Section 5 of the Voting Rights Act serves to prevent states from changing the rules of the game to disfranchise minority voters. At the time of the Act’s signing, it was clear that southern states would not simply comply with the law. That lesson of southern resistance was learned in the aftermath of the Supreme Court’s historic decision in 1954 in Brown v. Board of Education. To prevent states from doing things like changing polling sites, registration guidelines and voting district lines, Section 5 was included to require jurisdictions to seek “pre-clearance” from the Department of Justice before any such changes were implemented. This provision applies to southern states with a history of voter discrimination and intimidation, and three New York boroughs with a large population of language minorities.
In its ruling, the Supreme Court determined that those rules should not apply to a small Texas utility district but did not waive Section 5 enforcement more broadly. It was a close call but a win nonetheless for voting rights advocates and Black and Latino voters. No doubt, the issue is not dead as new cases that challenge Section 5 will wind through the courts and may eventually land in front of the Supreme Court. The provision remains intact for now and will continue to be a valuable tool to hold states accountable for fair voting practices in the administration of elections.
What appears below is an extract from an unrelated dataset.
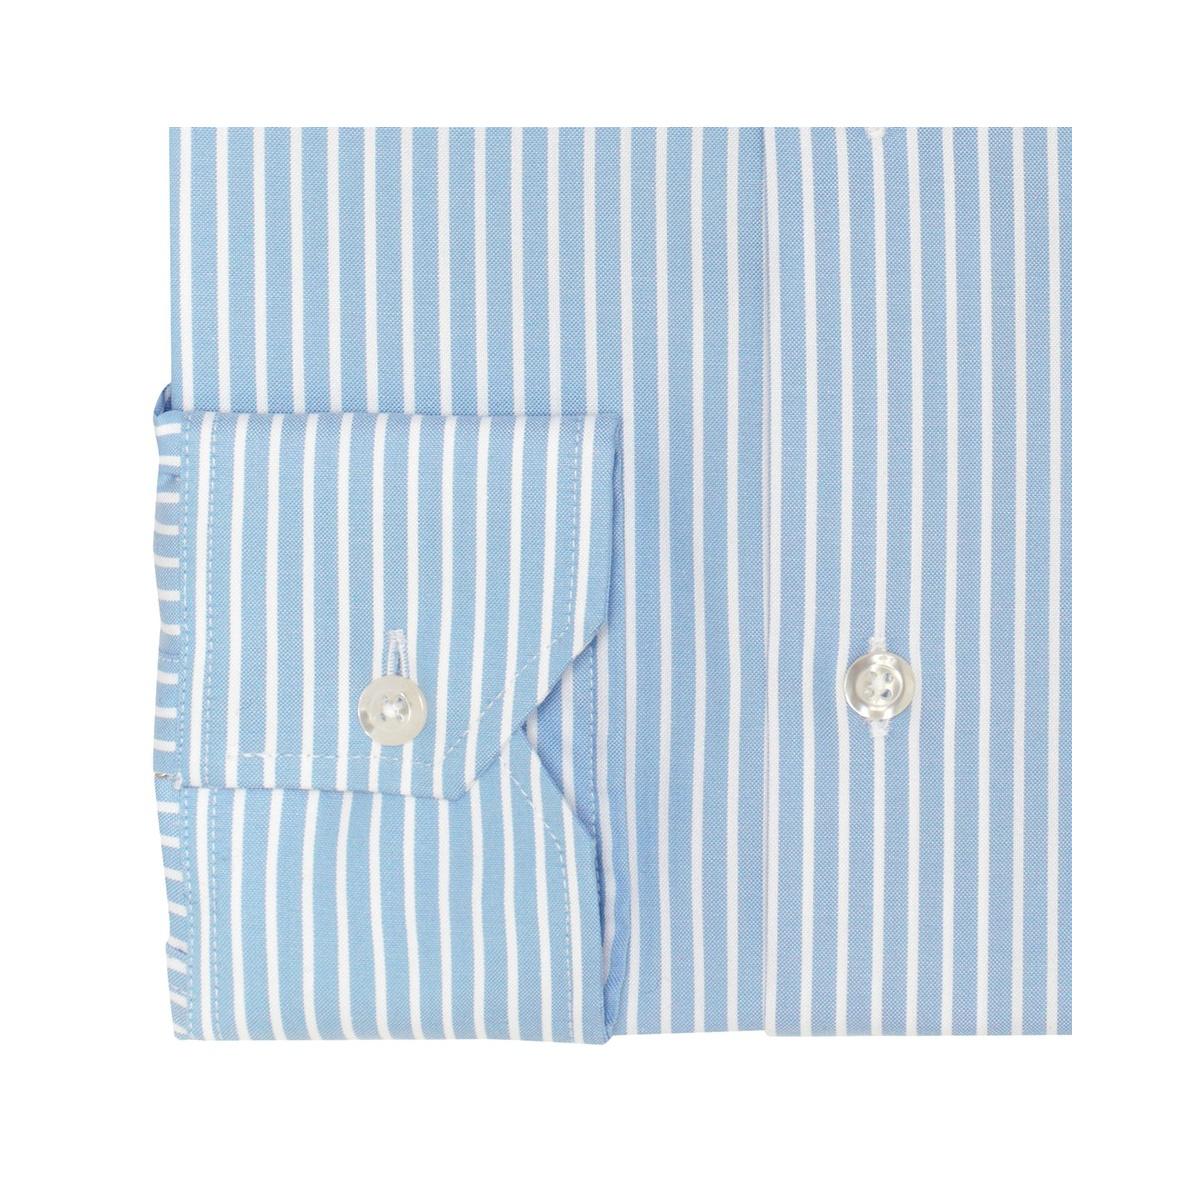 e43d703fbe Light-blue Shirt whit white stripe - 100% cotton - double twist oxford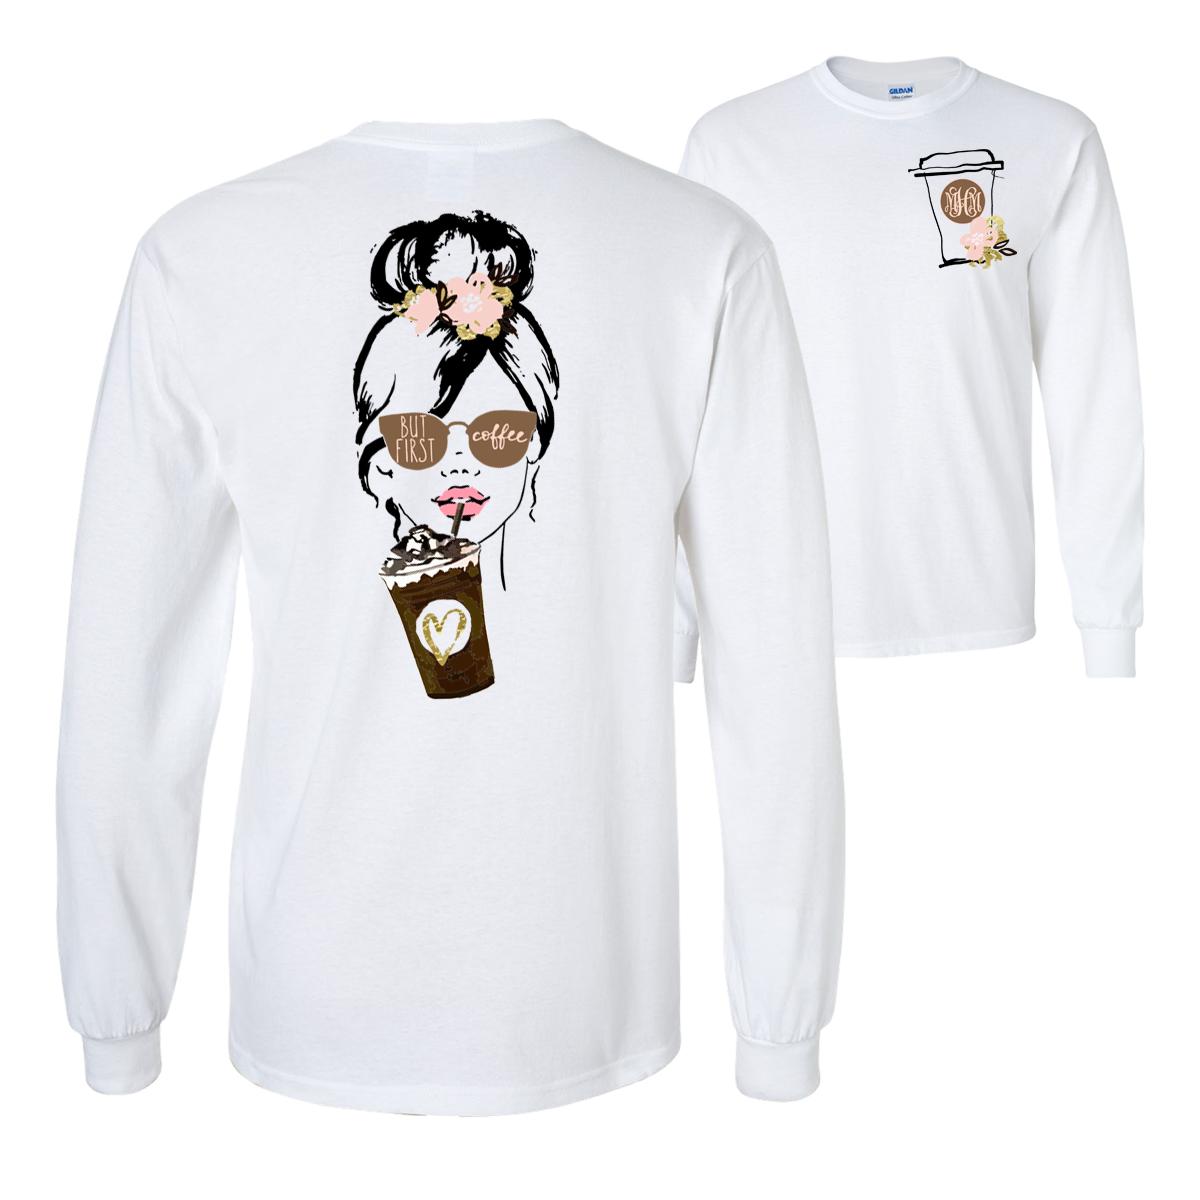 c514a86888bb Monogrammed Coffee Girl T-Shirt #monogram #coffee #coffeelover #coffeetime

On a final note, we must call attention to the Court’s lone Black justice, Clarence Thomas. While his conservative views are no secret, the venom he displays towards laws that are designed to remedy discrimination and create equity in society remains perplexing. Justice Thomas once again went out of his way to trash a civil rights statute, just as he opposes affirmative action despite him being a beneficiary of the policy meant to level the playing field in higher education and employment. Thomas outdid himself this time in referencing a Reconstruction case that involved the overturning of the conviction of three white men who terrorized Blacks in Louisiana who were exercising their right to vote to support his claim that the Voting Rights Act violates states’ rights. Justice Thomas has once again revealed himself to be wrong on the law and ignorant of the historical circumstances that have made these laws necessary in the first place. Justice Thomas has become not just an embarrassment but also an obstructionist to justice.